A crucial element in pollutant source control is ensuring that outdoor air intakes do not bring pollutants into the building. Santa Monica has some of the best outdoor air quality in the entire Los Angeles basin, largely due to steady on-shore winds, so treatment of outdoor air is usually necessary only near local sources of air pollution. However, the location of outdoor air intakes and operable windows must be carefully separated from building pollution sources such as cooling towers, combustion appliance vents, vehicle exhausts, plumbing vents and air exhausted from buildings.
Once pollutant source controls are addressed, efficiently filtering supply air and providing generous amounts of outdoor air will help ensure indoor air quality. An HVAC system that is capable of providing more outdoor air than the minimums required by ASHRAE standards helps ensure flexibility and occupant health in future, as building uses and furnishings change.
These efforts can aid the marketability of buildings, with growing awareness and concern about indoor air quality by buyers and lessors. They can also reduce the liability exposure of building developers, designers, builders and managers.
Energy-Efficient HVAC Equipment
Climate-responsive building design reduces heating and cooling loads, and thus the size of HVAC systems and equipment. The cost of smaller equipment often more than offsets the cost of envelope and electrical upgrades aimed at saving energy.
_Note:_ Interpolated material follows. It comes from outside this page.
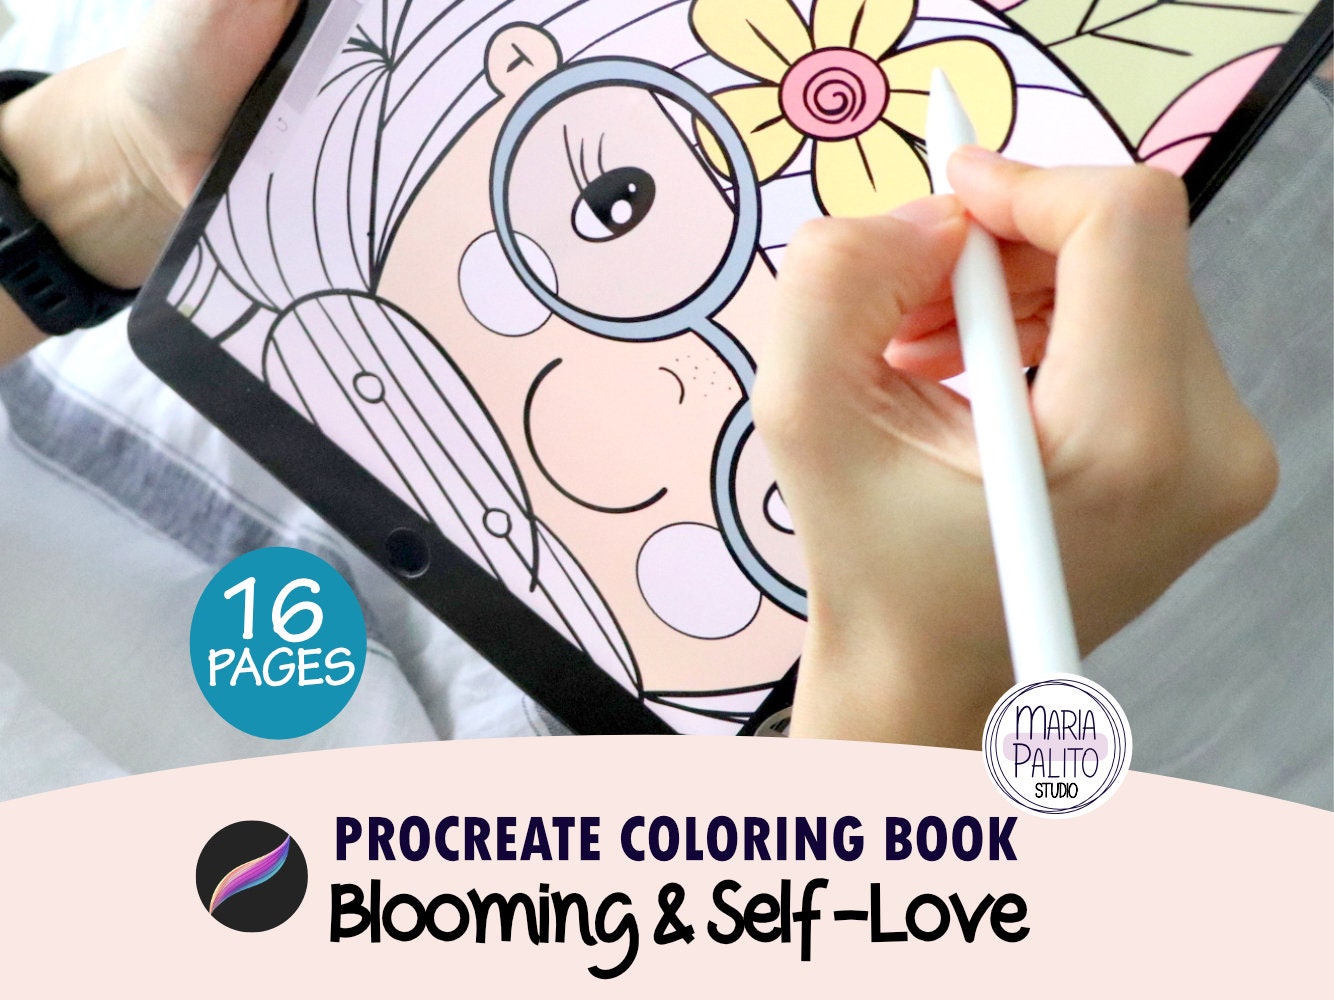 No Self-Hate: You're Too Cute for That: Calming Coloring Pages by the  Latest Kate (Mosaic Art Anxiety Coloring Book) (Paperback)
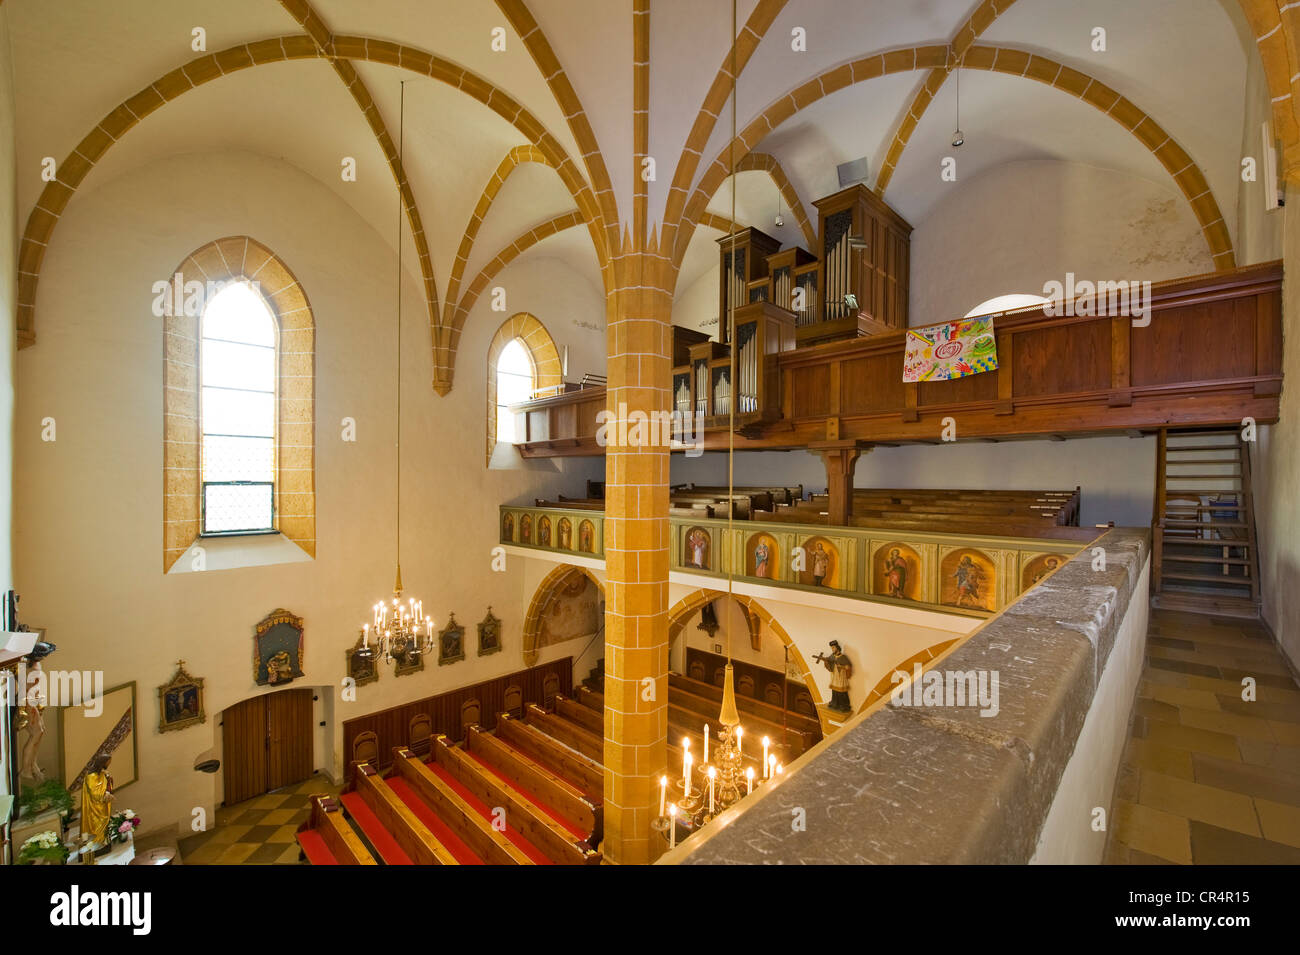 Two-aisled nave with a central column, Church of St. Vitus, Edlitz, Bucklige Welt, Lower Austria, Austria, Europe Stock Photo

Selection of more efficient HVAC equipment can further conserve non-renewable energy, and reduce air pollution from electricity generation and on-site combustion. The efficiency of heating and cooling equipment has improved significantly since the introduction of minimum efficiency regulations such as Title 24 and federal requirements. As demand for better equipment has increased, the cost of energy-efficient HVAC equipment has dropped. However, equipment that exceeds regulated minimums often bears a capital cost premium. This can be balanced by other factors which reduce capital and life-cycle cost, and enhance marketability of the building.:
Smaller heating and cooling loads allow smaller, less expensive HVAC equipment and ductwork.
Chlorofluorocarbon refrigerant production has been banned in most nations, and its use is declining as recycled CFC costs continue to rise dramatically. Hydrochlorofluorocarbon refrigerants are currently permitted, but new production is scheduled to end in 2010, within the lifetime of most of the smaller HVAC equipment typical in Santa Monica buildings. HCFC costs are likely to rise quickly when production ends, just as CFC costs have.
CFC-free chillers, air conditioners and heat pumps are now in widespread use, with excellent efficiencies, and capital costs comparable to those before the end of CFC production. However, HCFC-free equipment is currently not available in a full range of equipment sizes and models. Building design for the long term must consider how HCFC equipment will be replaced in future.